_Task item:_
Transcribe each line of the material as it is, and drop any picture.

_Input data:_
● ● ● ● ● ● ●

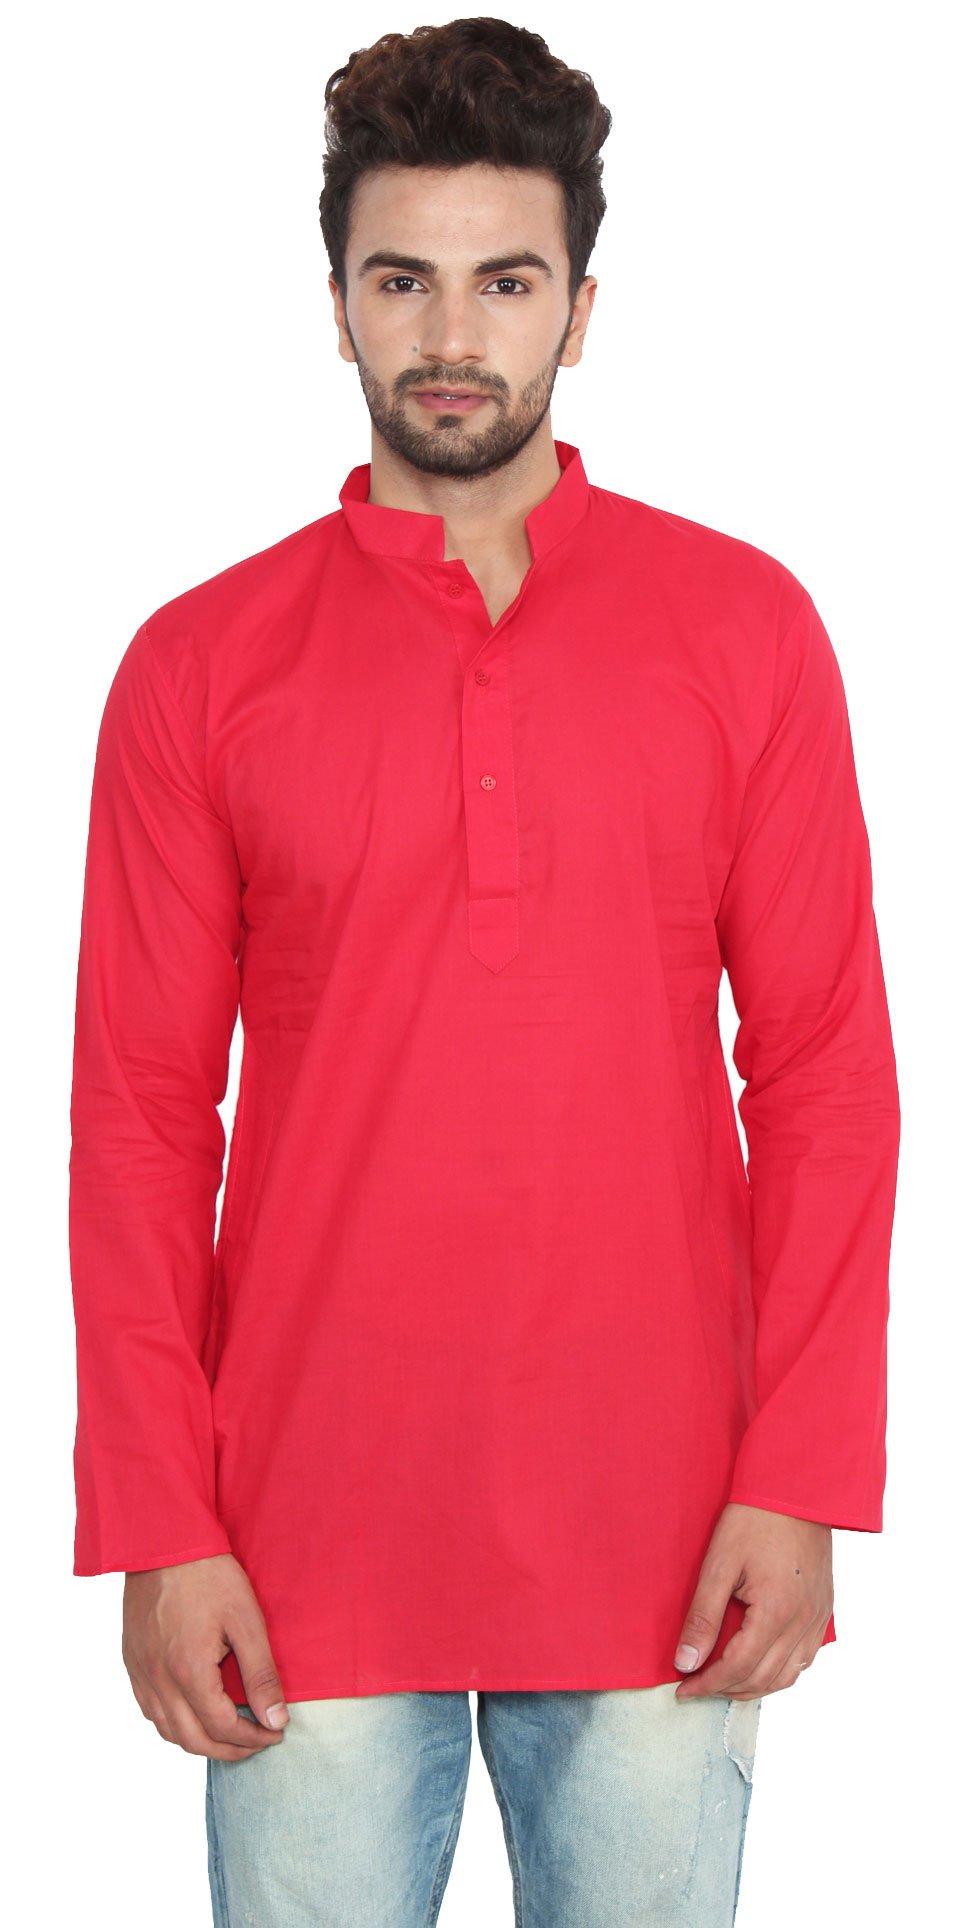 Cotton Dress Mens Short Kurta Shirt India Fashion Clothes (Red, M)
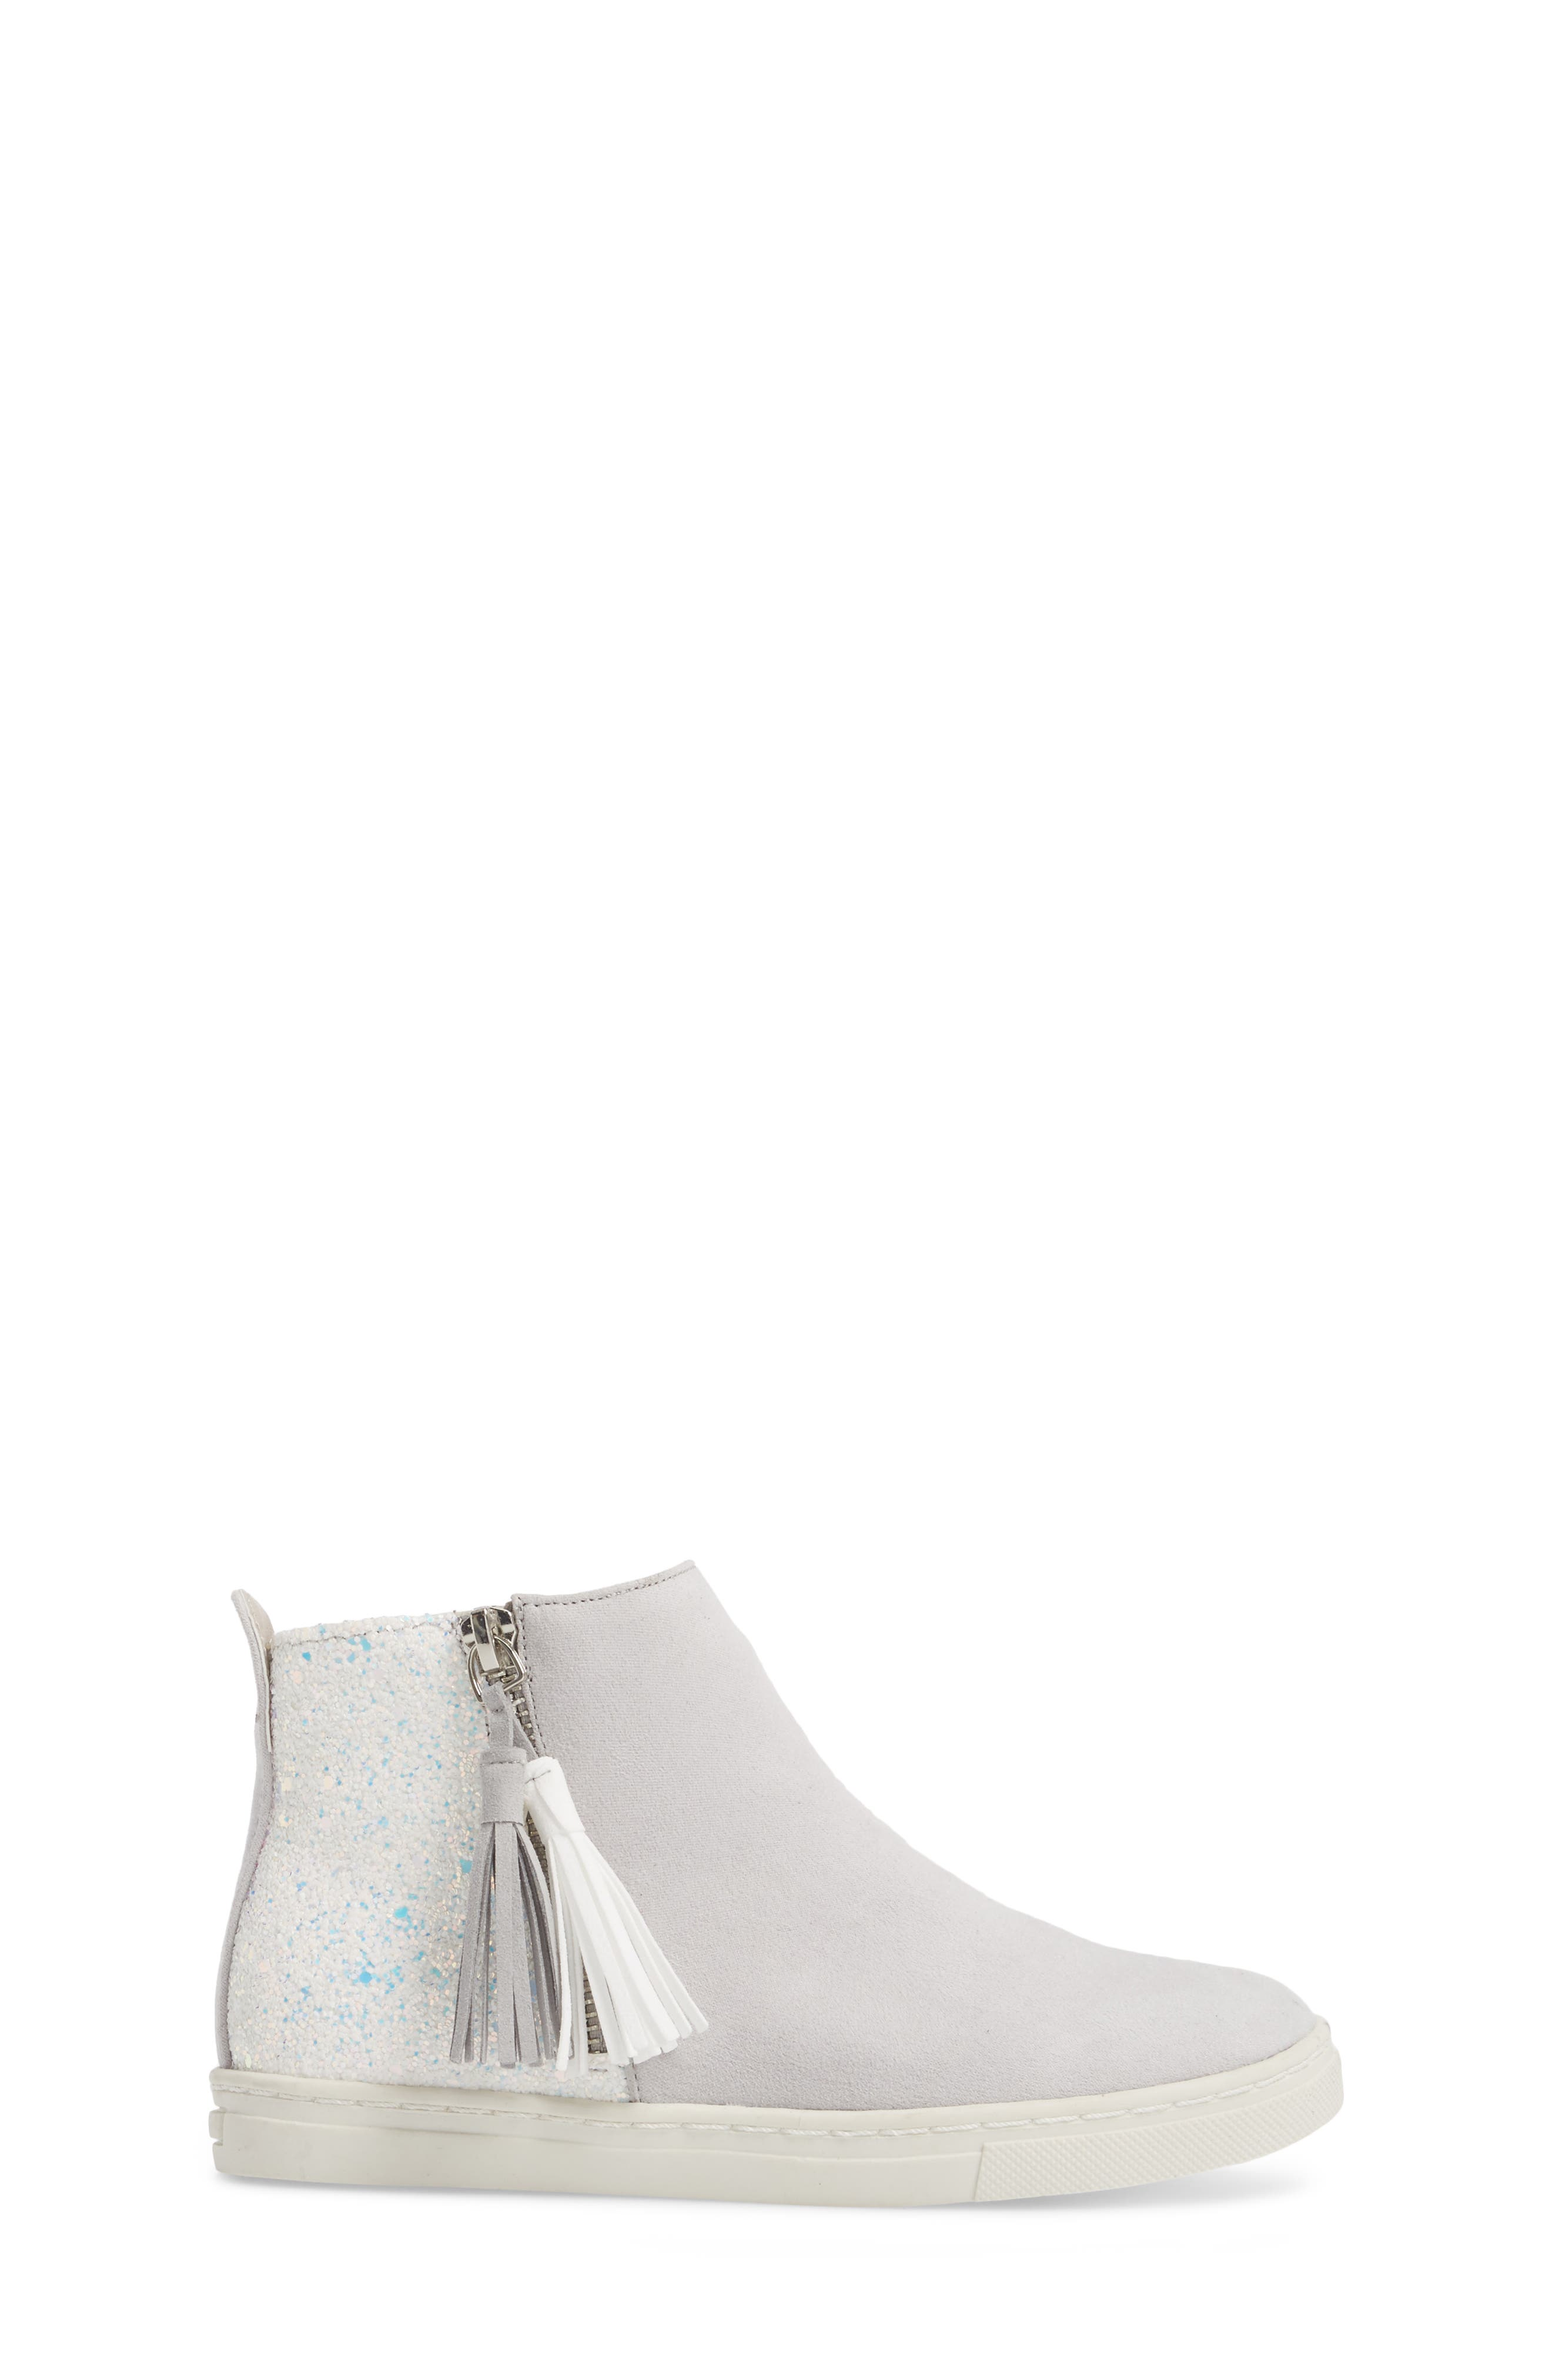 Zalix Glitter Sneaker,                             Alternate thumbnail 3, color,                             LIGHT GREY
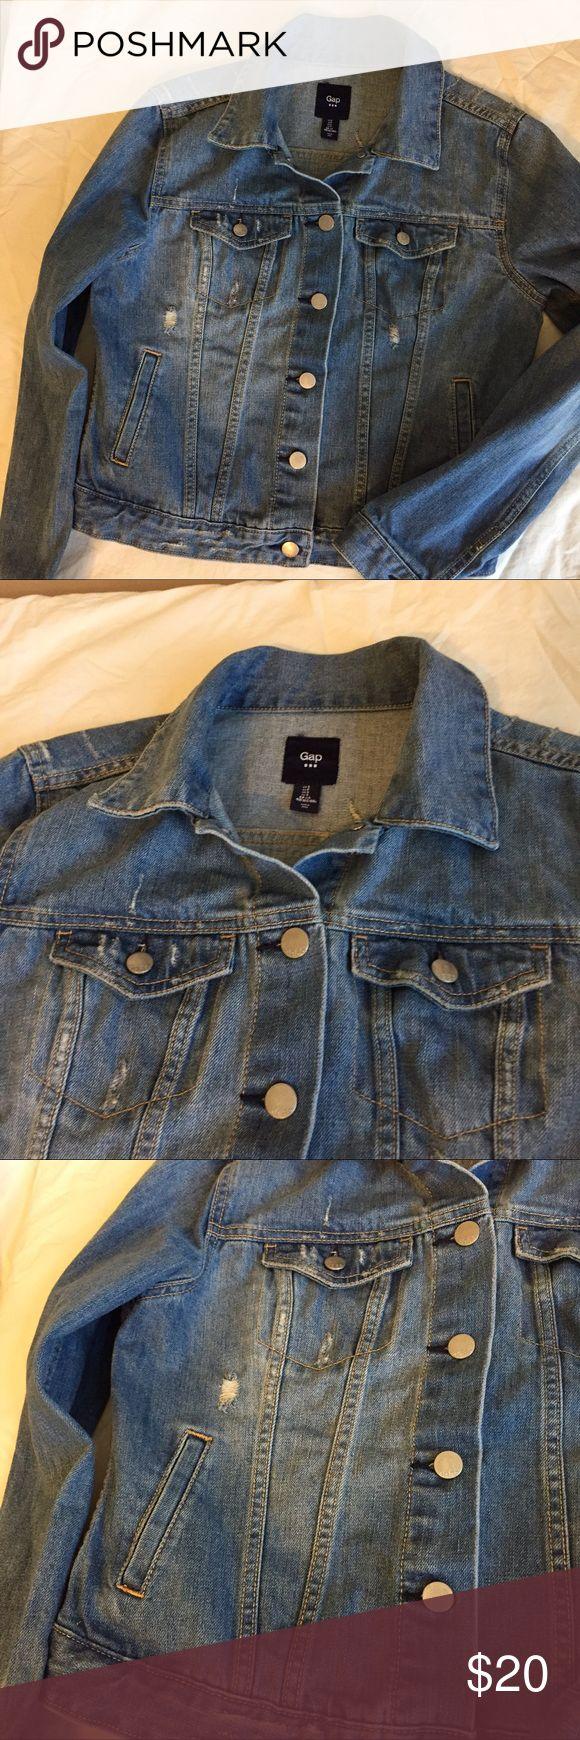 Gap factory 1969 distress denim jean jacket sz s
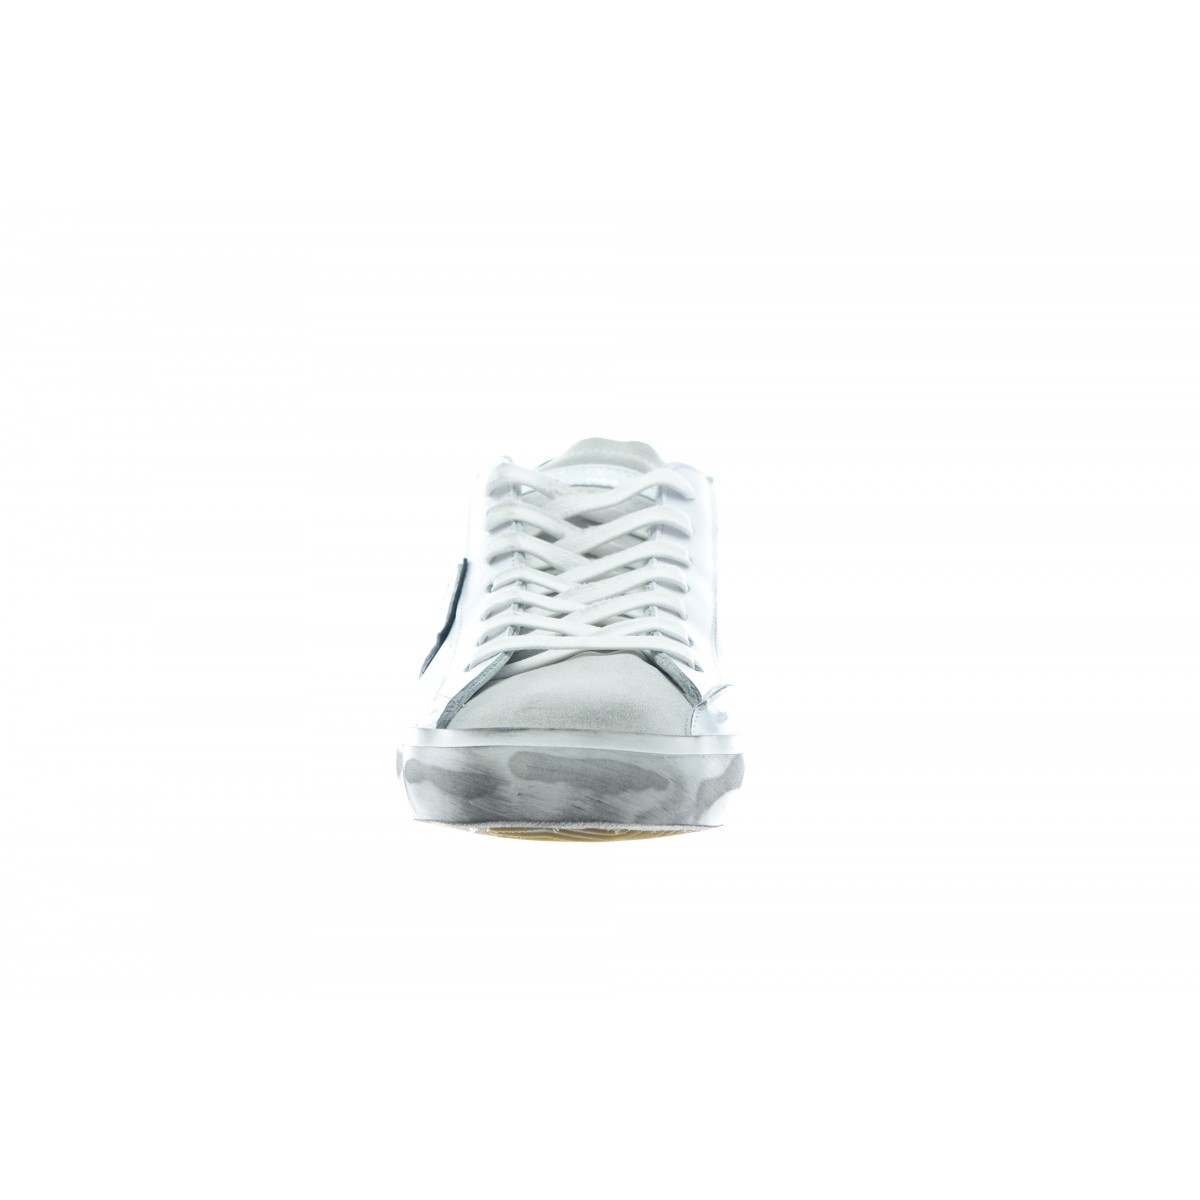 Sneakers - PRLU V016 leather suede

● ● ● ● ● ● ●

_Exercise response:_
 Cotton Dress Mens Short Kurta Shirt India Fashion Clothes (Red, M)
 Zalix Glitter Sneaker,                             Alternate thumbnail 3, color,                             LIGHT GREY
 Gap factory 1969 distress denim jean jacket sz s
 Sneakers - PRLU V016 leather suede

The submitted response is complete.